** Dataset extract follows **

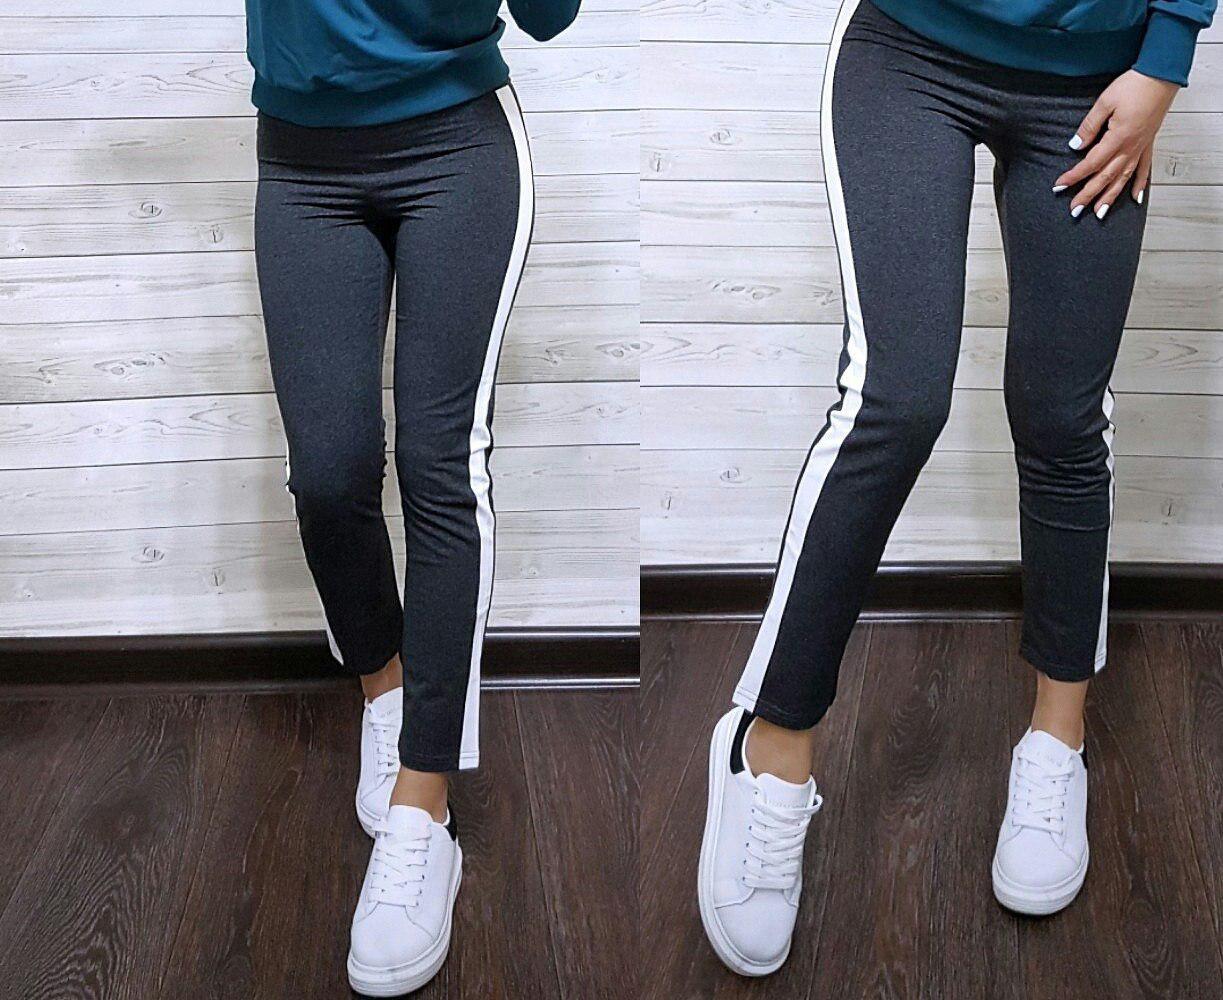 Стильные и модные штаны 7/8 с полоской. Размеры от S до XL, Турция
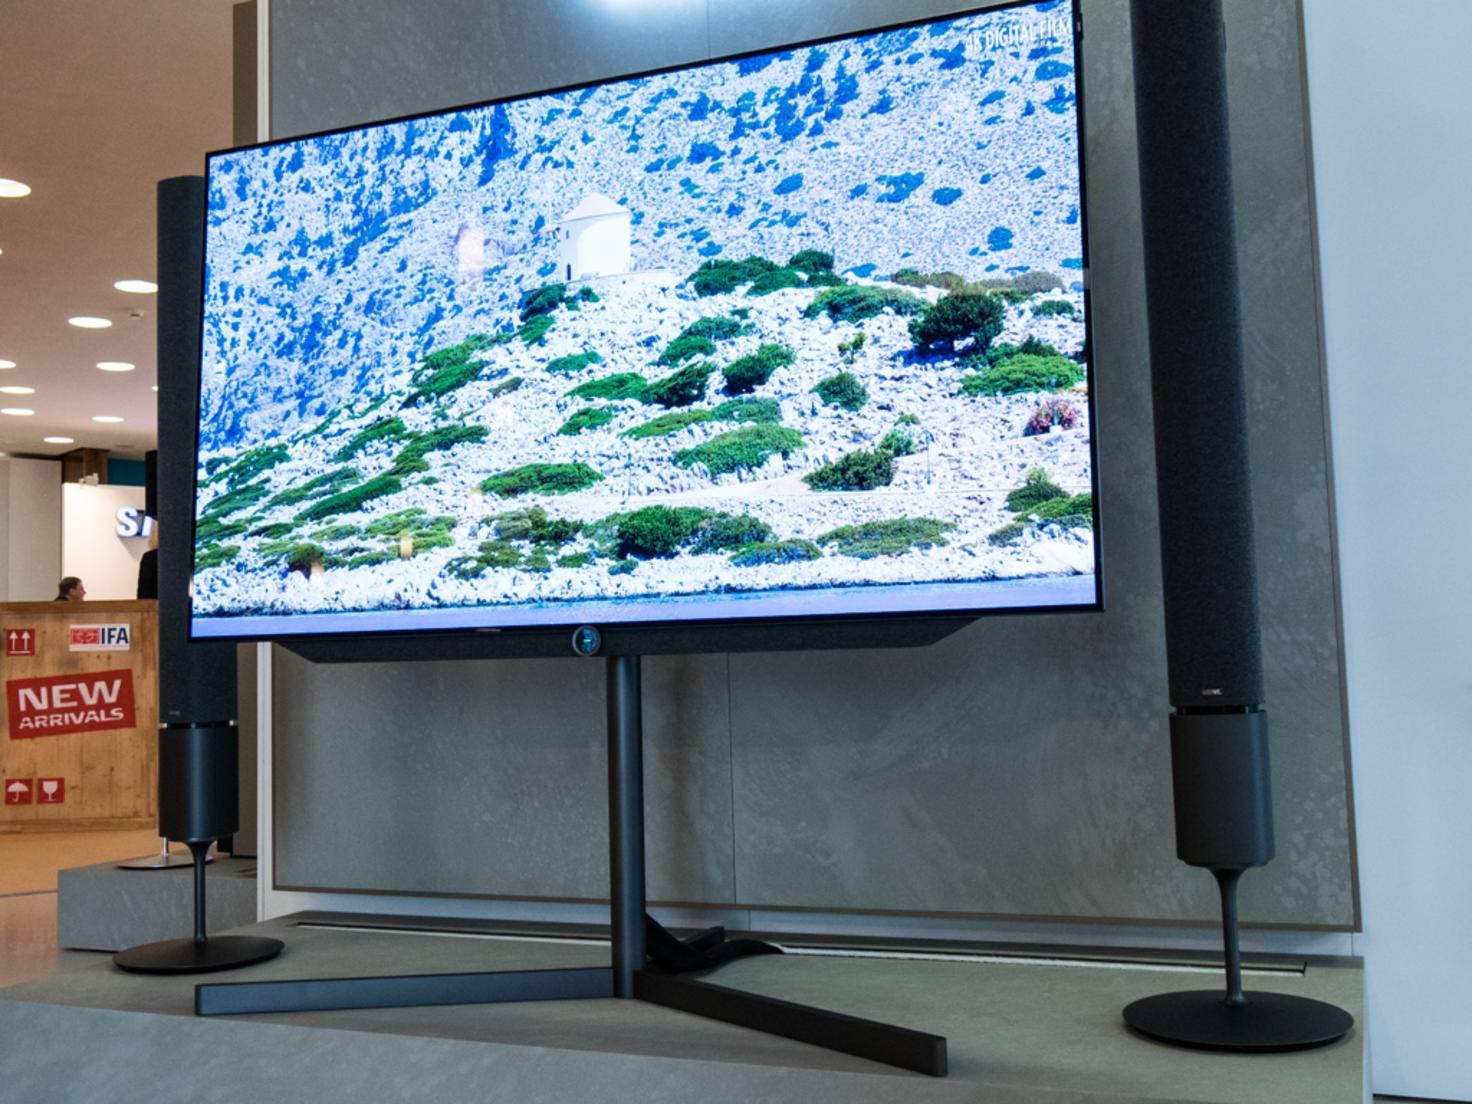 Der Premium-Fernseher kommt mit OLED-Display daher.
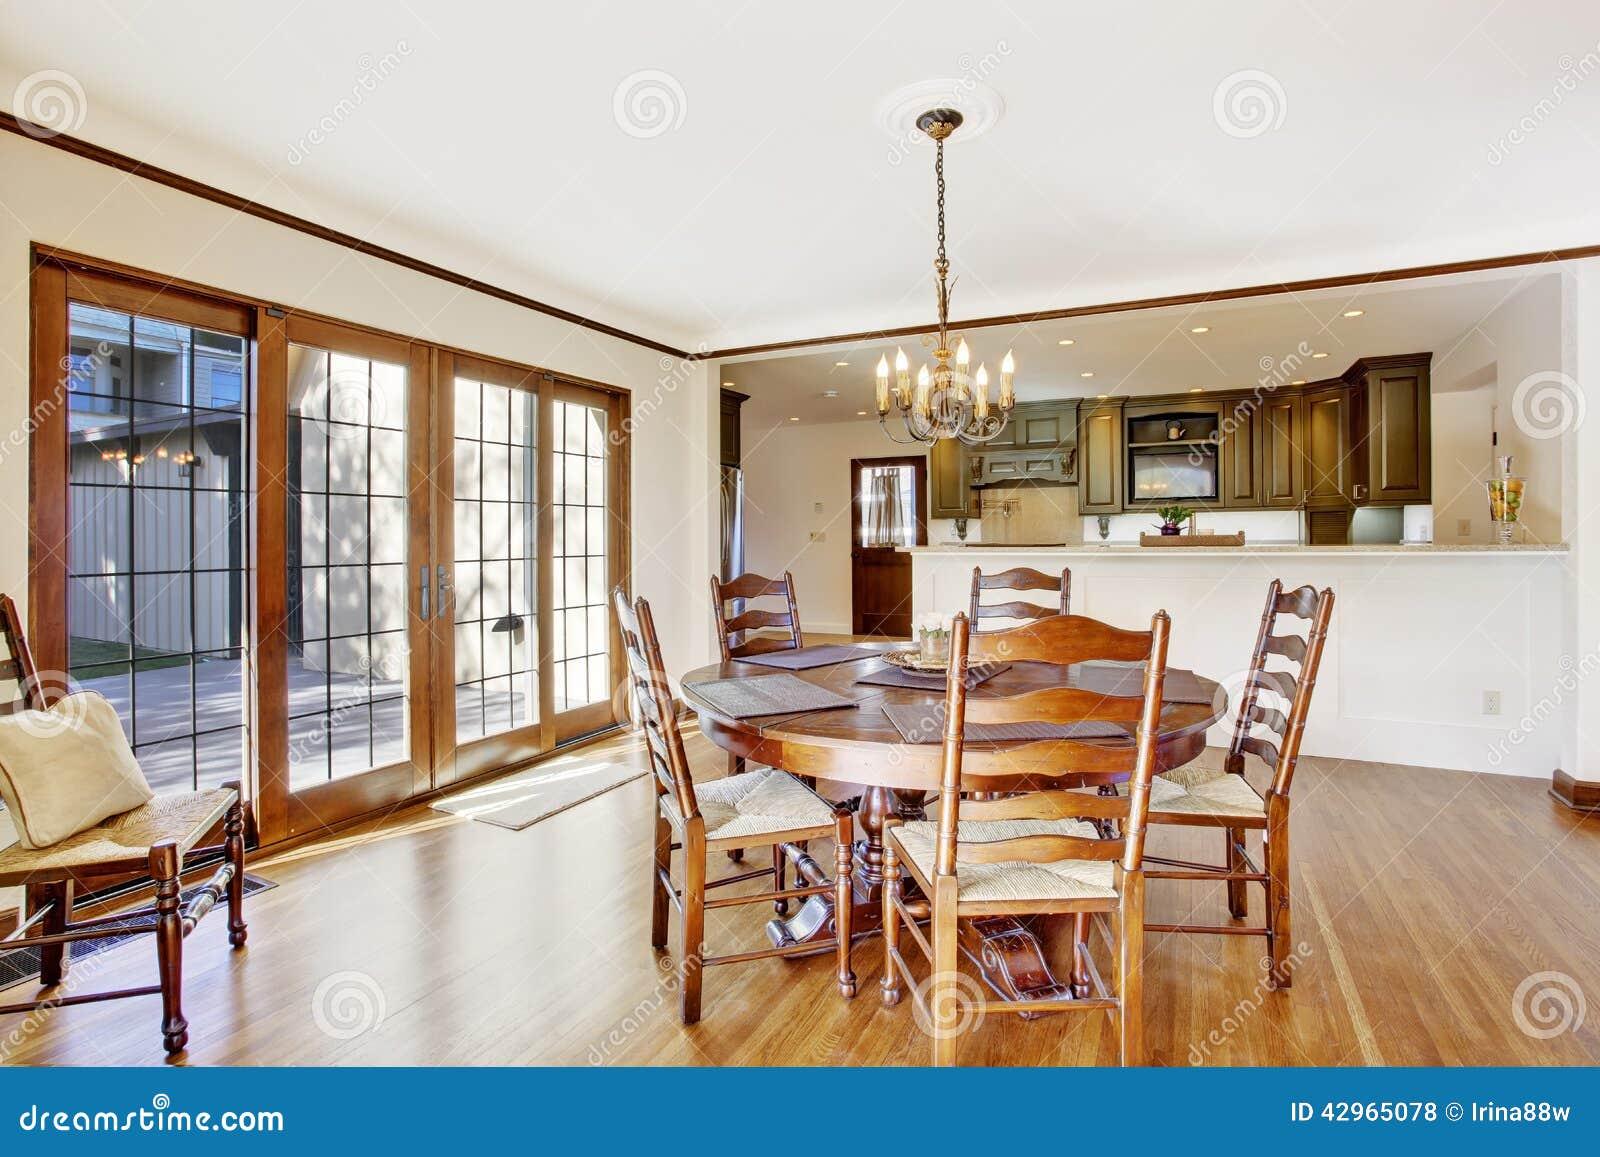 Sala De Jantar Luxuosa ~ Sala De Jantar Luxuosa Com Mesa Redonda E Cadeiras Foto de Stock

** End of Dataset extract **

> The task
Would you repeat the listing above exactly, minus the images?

> Result for this task
 Стильные и модные штаны 7/8 с полоской. Размеры от S до XL, Турция
 Der Premium-Fernseher kommt mit OLED-Display daher.
 Sala De Jantar Luxuosa ~ Sala De Jantar Luxuosa Com Mesa Redonda E Cadeiras Foto de Stock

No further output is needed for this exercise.